Below we build a **chain** that returns the tool arguments dict (similar to `JsonOutputFunctionsParser`).


In [10]:
from langchain_core.prompts import ChatPromptTemplate
from langchain_core.runnables import RunnableLambda

# Prompt (LCEL)
prompt = ChatPromptTemplate.from_messages([
    ("system", "Think carefully, and then tag the text with sentiment and language."),
    ("user", "{input}"),
])

# Model bound to tools
model_with_tools_for_chain = llm.bind_tools([tag_text])

def tool_args_parser(ai_msg):
    """Return the first tool-call arguments dict (like JsonOutputFunctionsParser did for functions)."""
    calls = getattr(ai_msg, "tool_calls", None) or []
    if not calls:
        raise ValueError(f"Model did not call a tool.
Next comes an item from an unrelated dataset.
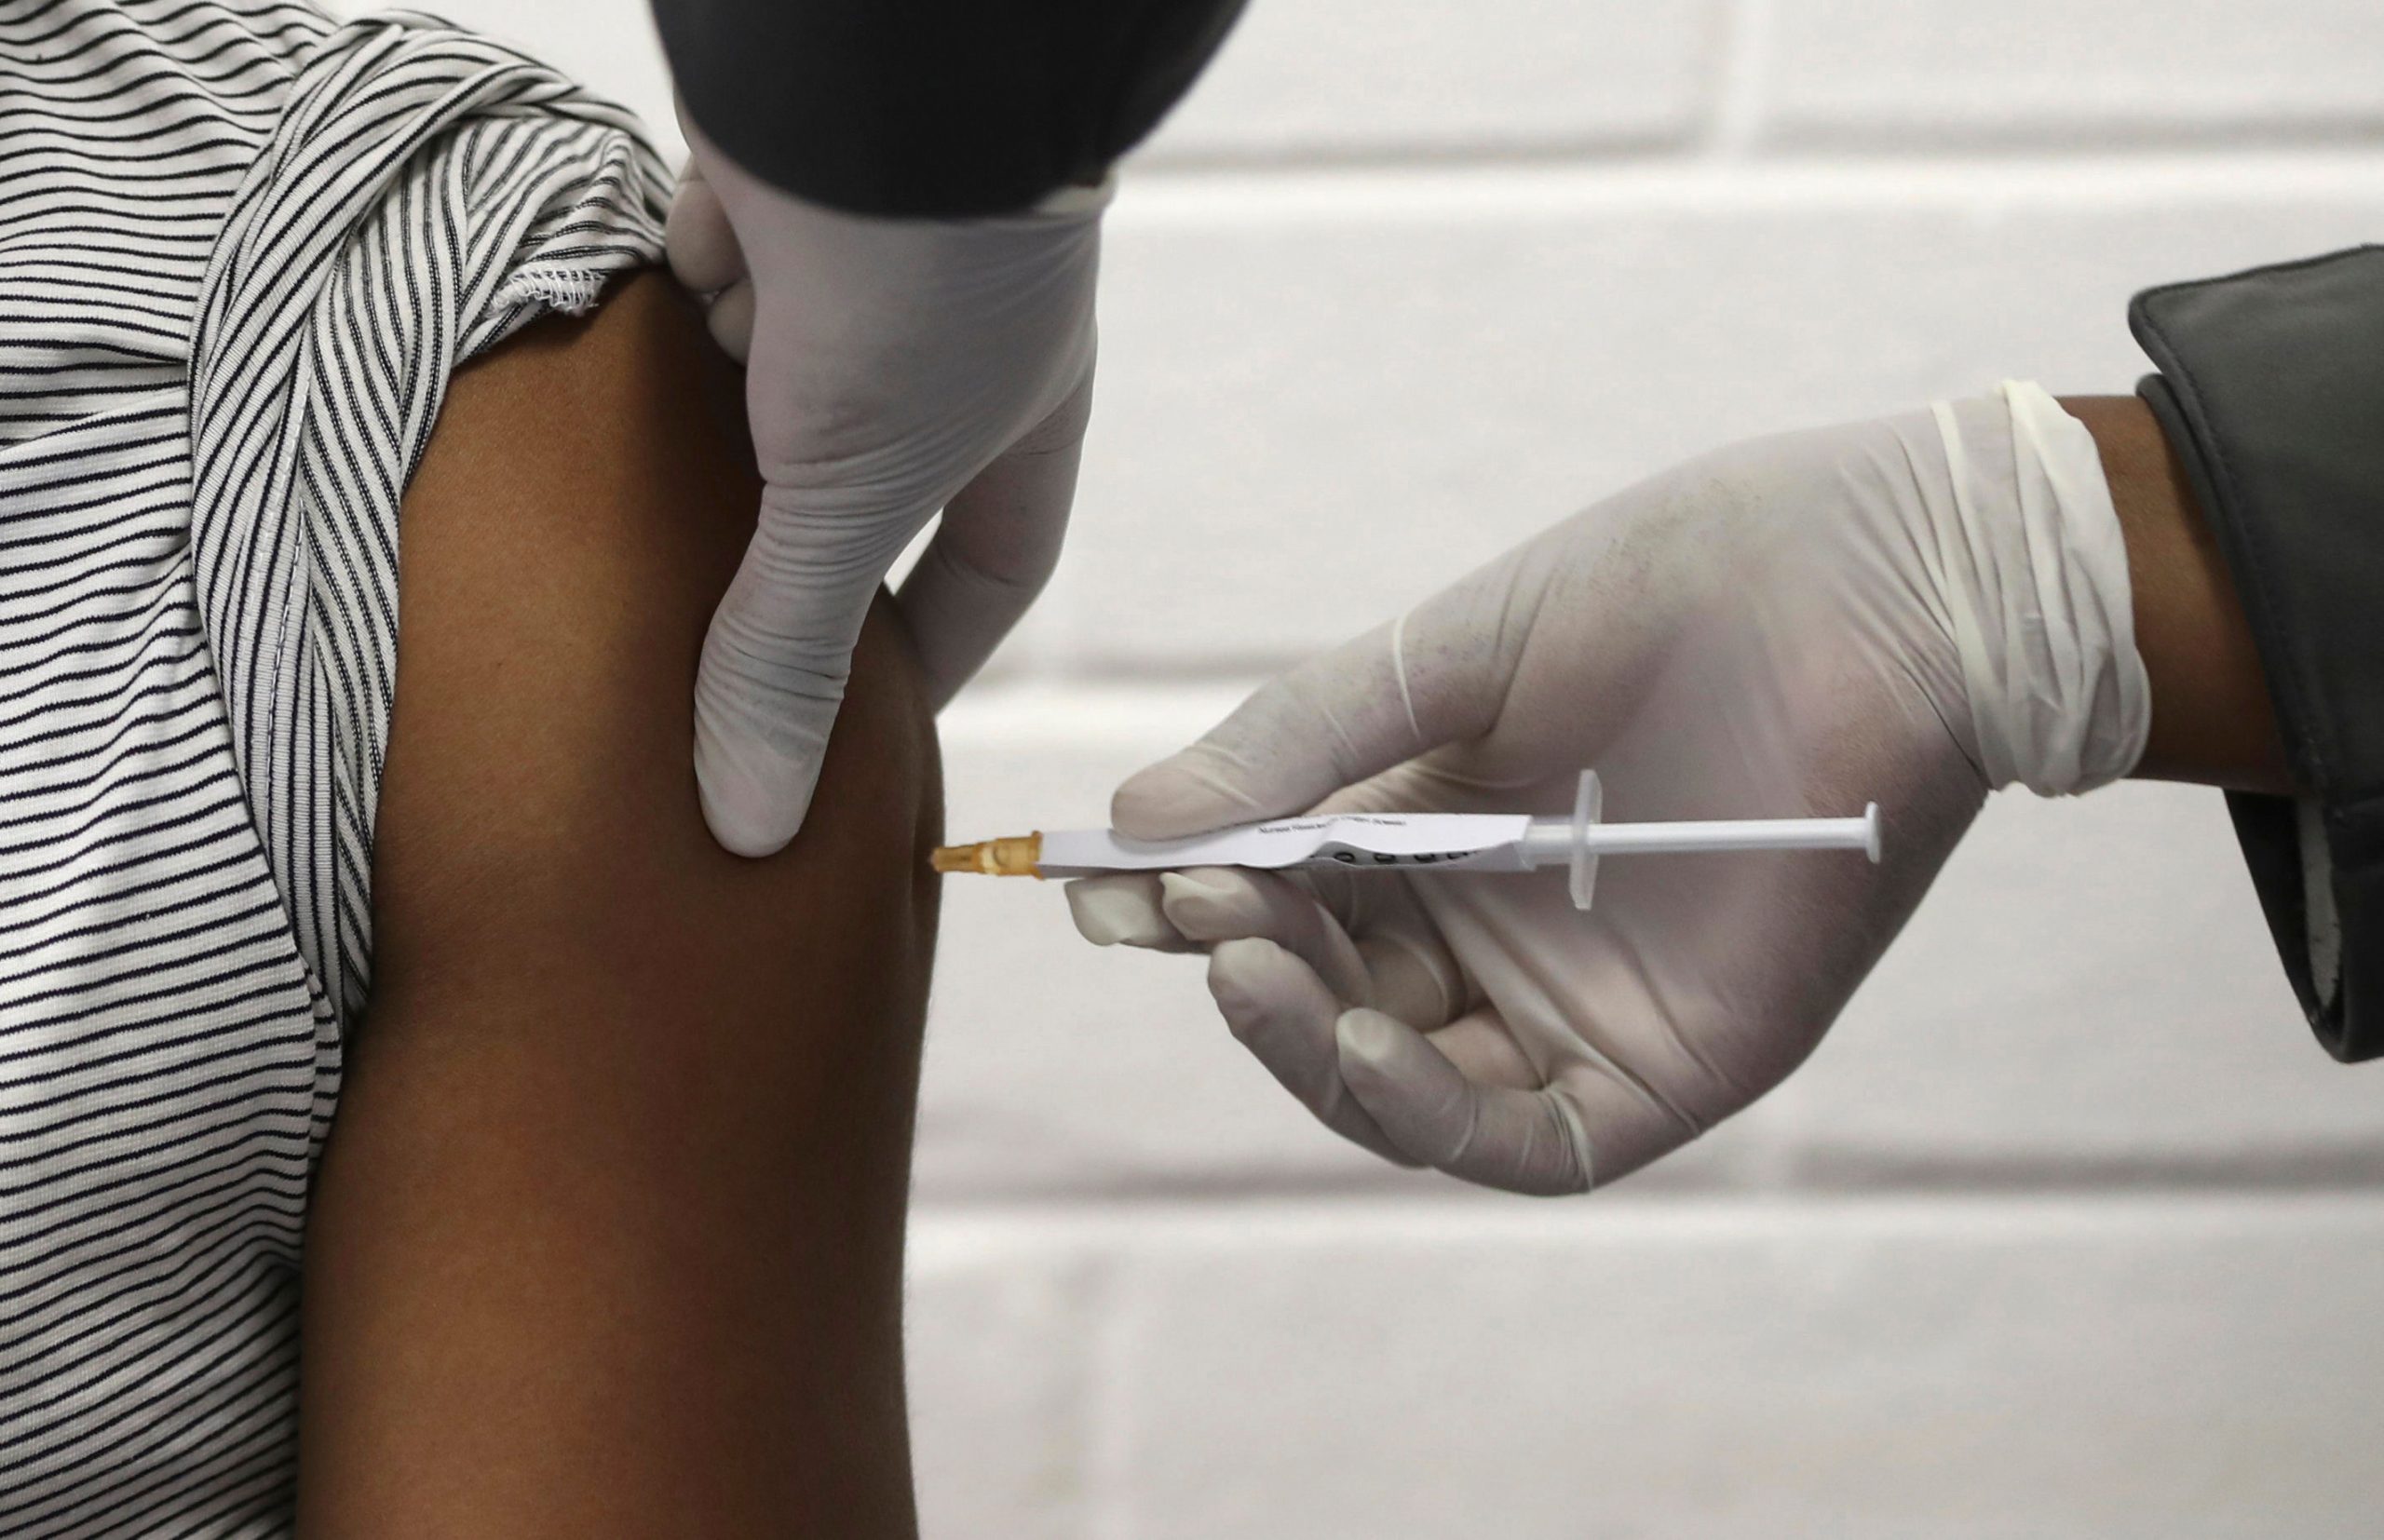 South Africa to return 1 million coronavirus vaccine doses to Serum Institute

Message was: {ai_msg}")
    return calls[0]["args"]

# Runnable parser (modern equivalent)
tool_args_parser_runnable = RunnableLambda(tool_args_parser)

# Chain: prompt -> model(with tools) -> parse tool args
tagging_chain_tools = prompt | model_with_tools_for_chain | tool_args_parser_runnable


In [11]:
tagging_chain_tools.invoke({"input": "non mi piace questo cibo"})


{'sentiment': 'neg', 'language': 'it'}

### Notes

- This chain returns only the **structured arguments** (e.g., `{"sentiment": "...", "language": "..."}`),
  just like `JsonOutputFunctionsParser` did.
- If you want the full `AIMessage` (including tool call ids, etc.), run `prompt | model_with_tools_for_chain` without the parser.


## When to use `with_structured_output` (no tools)

If you only need **structured extraction/classification** (no external actions),
`with_structured_output` is often simpler than tools.

It returns a **Pydantic object** directly — no manual tool loop, no tool-call parsing.


In [12]:
from pydantic import BaseModel, Field
from langchain_core.prompts import ChatPromptTemplate

class SentimentLanguage(BaseModel):
    sentiment: str = Field(description="Sentiment of the text: pos, neg, or neutral")
    language: str = Field(description="ISO 639-1 language code, e.g. en, it, fr")

prompt_structured = ChatPromptTemplate.from_messages([
    ("system", "Analyze the user's text and extract sentiment and language."),
    ("user", "{input}"),
])

structured_llm = llm.with_structured_output(SentimentLanguage)

tagging_chain_structured = prompt_structured | structured_llm


In [13]:
result = tagging_chain_structured.invoke({"input": "non mi piace questo cibo"})
print(result)
print(type(result))
print(result.model_dump())


sentiment='neg' language='it'
<class '__main__.SentimentLanguage'>
{'sentiment': 'neg', 'language': 'it'}


### Key differences vs tools

- **Tools + bind_tools**: best when you need the model to **trigger actions** (APIs, DB, functions) or do multi-step work.
- **with_structured_output**: best when you just want **reliable structured data** from the model.